The-case-against-fork.md (7842B)
- ---
- date: 2018-01-02
- layout: post
- title: fork is not my favorite syscall
- tags: [unix]
- ---
- This article has been on my to-write list for a while now. In my opinion, fork
- is one of the most questionable design choices of Unix. I don't understand the
- circumstances that led to its creation, and I grieve over the legacy rationale
- that keeps it alive to this day.
- Let's set the scene. It's 1971 and you're a fly on the wall in Bell Labs,
- watching the first edition of Unix being designed for the PDP-11/20. This
- machine has a 16-bit address space with no more than 248 kilobytes of memory.

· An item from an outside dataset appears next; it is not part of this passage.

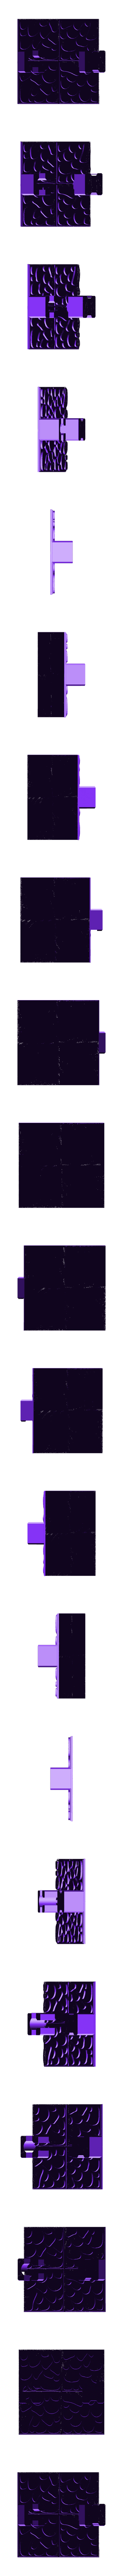 Finalized_Door_Frame.stl Download STL file GeneriTiles - Tabletop RPG Tileset • 3D printable object, daandruff
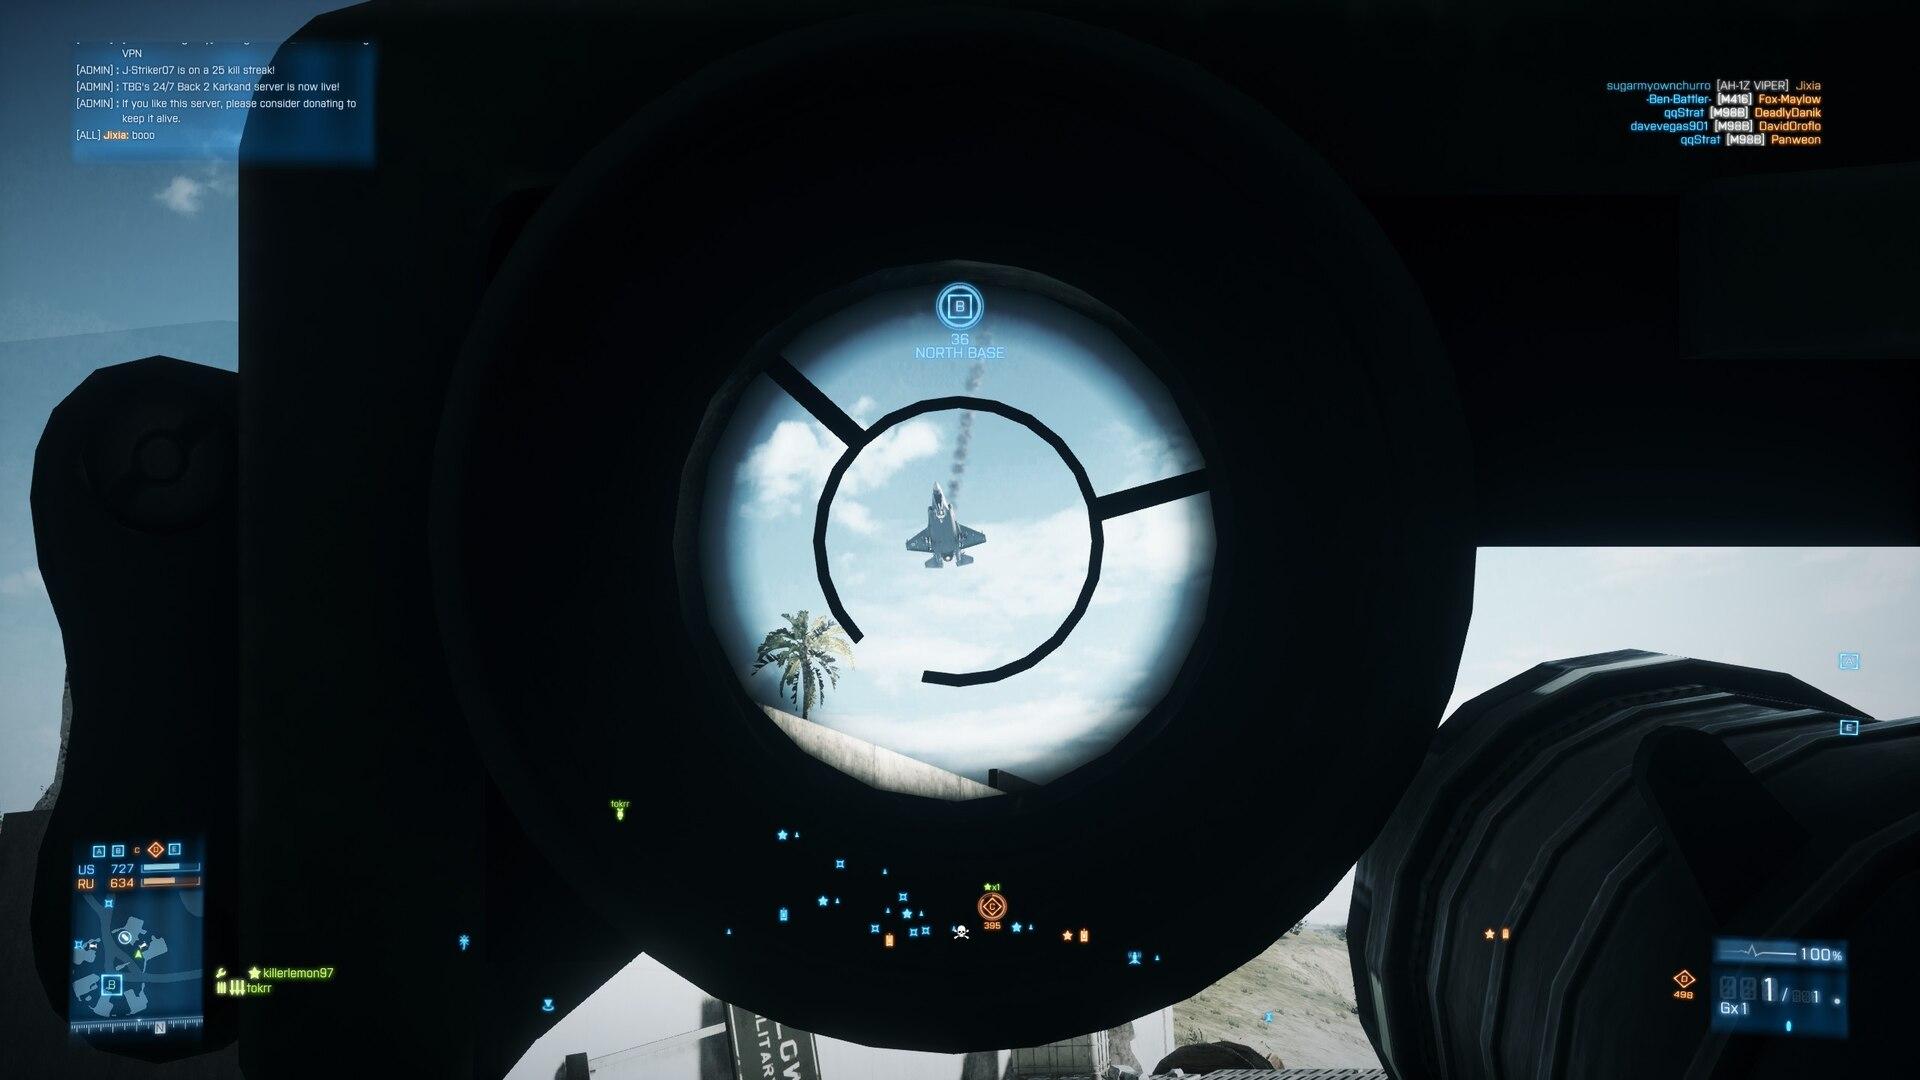 gfhbrdgfvgv.jpg - Battlefield 3

- They're discussing how they're going to support programs that spawn new
- programs, and someone has a brilliant idea. "What if we copied the entire
- address space of the program into a new process running from the same spot, then
- let them overwrite themselves with the new program?" This got a rousing laugh
- out of everyone present, then they moved on to a better design which would
- become immortalized in the most popular and influential operating system of all
- time.
- At least, that's the story I'd like to have been told. In actual fact, the
- laughter becomes consensus. There's an obvious problem with this approach: every
- time you want to execute a new program, the entire process space is copied and
- promptly discarded when the new program begins. Usually when I complain about
- fork, this the point when its supporters play the virtual memory card, pointing
- out that modern operating systems don't actually have to copy the whole address
- space. We'll get to that, but first — First Edition Unix *does* copy the
- whole process space, so this excuse wouldn't have held up at the time. By Fourth
- Edition Unix (the next one for which kernel sources survived), they had wisened
- up a bit, and started only copying segments when they faulted.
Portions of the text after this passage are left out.